Margaret, are you grieving
Over Goldengrove unleaving?
Leaves, like the things of man, you
With your fresh thoughts care for, can you?
Ah! as the heart grows older
It will come to such sights colder
By and by, nor spare a sigh
Though worlds of wanwood leafmeal lie;
And yet you will weep and know why.
Now no matter, child, the name:
Sorrow's springs are the same.
Nor mouth had, no nor mind, expressed
What héart héard of, ghóst guéssed:
It is the blight man was born for,
It is Margaret you mourn for.

Flavia said...

Sis: I've been thinking of that poem all week! I thought it was my excitement about spring finally getting it together around these parts (Goldengrove is leaving, at present), but you're probably right that it's the unleaving I was subconsciously meditating on.

And bro: totally. Whenever I have a headache that sticks around unusually long, or feels in some way different from my usual two or three varieties, it briefly crosses my mind that it could be a brain tumor. Or something.

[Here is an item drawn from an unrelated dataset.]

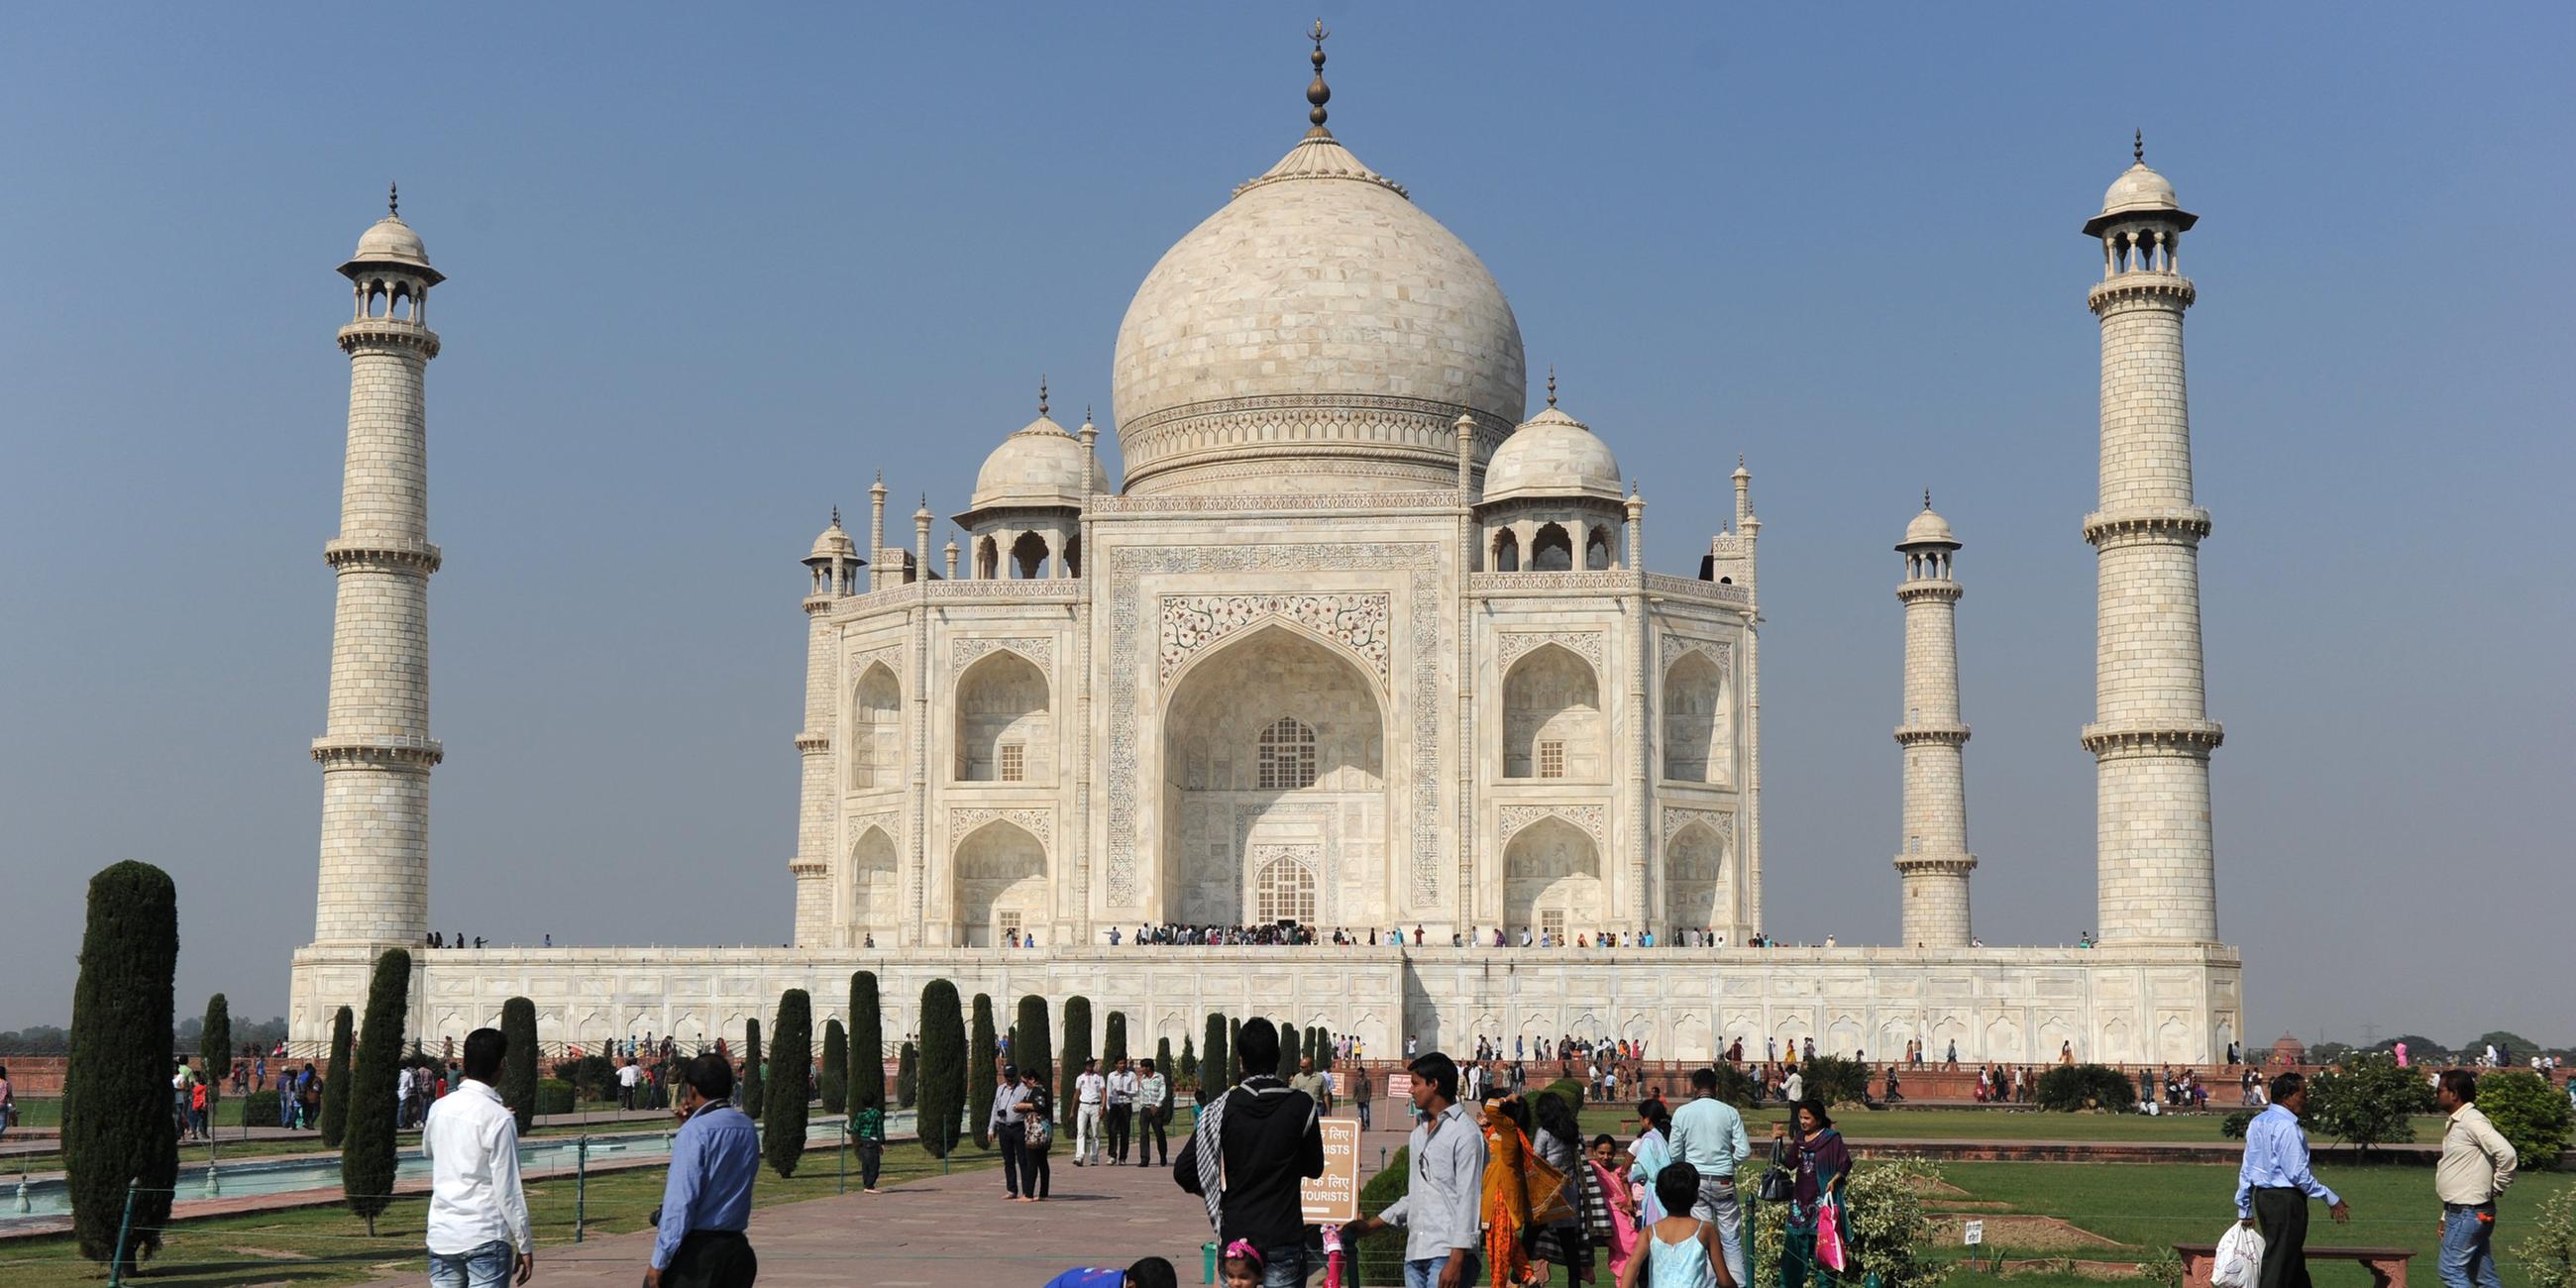 Das Taj Mahal steht vor wolkenfreiem Himmel. Menschen befinden sich auf dem Gelände.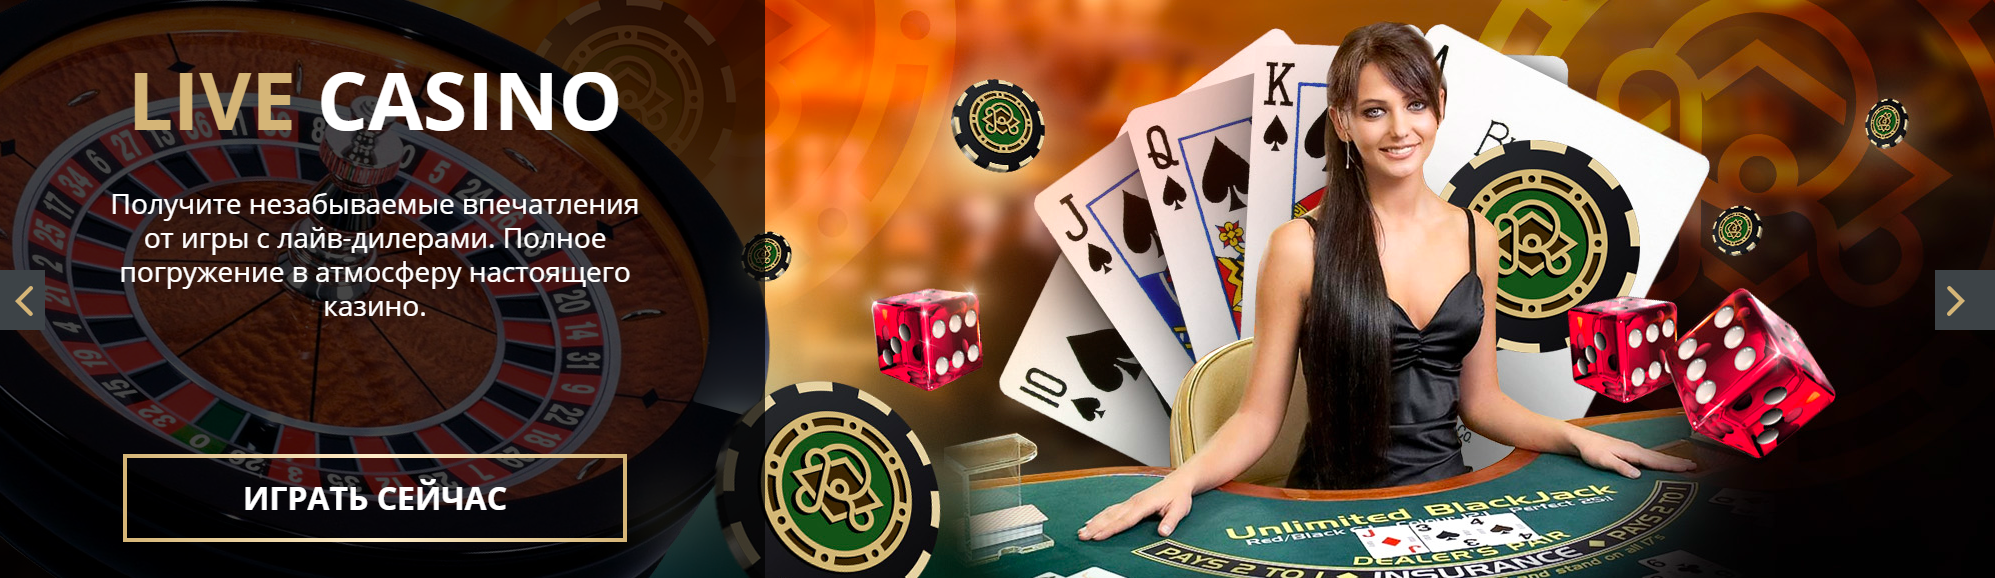 Лучшие онлайн казино россии с хорошей отдачей pin up bet pin up play casino

Maybe we've got a family disposition for hypochondria AND headaches.

Flavia said...

Oh, and Susan: I meant to say how sorry I am to hear about your husband--and how much sympathy I have for you and all my other readers who are either suffering from actual illnesses or injuries (in contrast to my imaginary ones), or who are supporting or taking care of people who are.

TE is right that mortality does seem to be in the air, and I'm with the Bittersweet Girl in hoping that perhaps it will lift with May. (Y'all should follow that link for many reasons, but especially for the St. Vincent Millay poem she appends.)

What Now? said...

I think MW is onto something that we now may be of an age in which aches and pains suddenly seem like something we'll live with rather than temporary inconveniences.

When I went to the hospital with D a few weeks ago for her gallbladder issues, I was struck by the thought that this new experience -- being by her beside in the hospital -- would probably be something that would happen again at some point, which scared me. But of course, if she's ever going to be in the hospital again, then I certainly want to be there beside her. (And a big ol' knocking on wood with all of this, of course.)

I'm sorry to hear about your grandmother's diagnosis and glad that she's had a hale and hearty 88 years.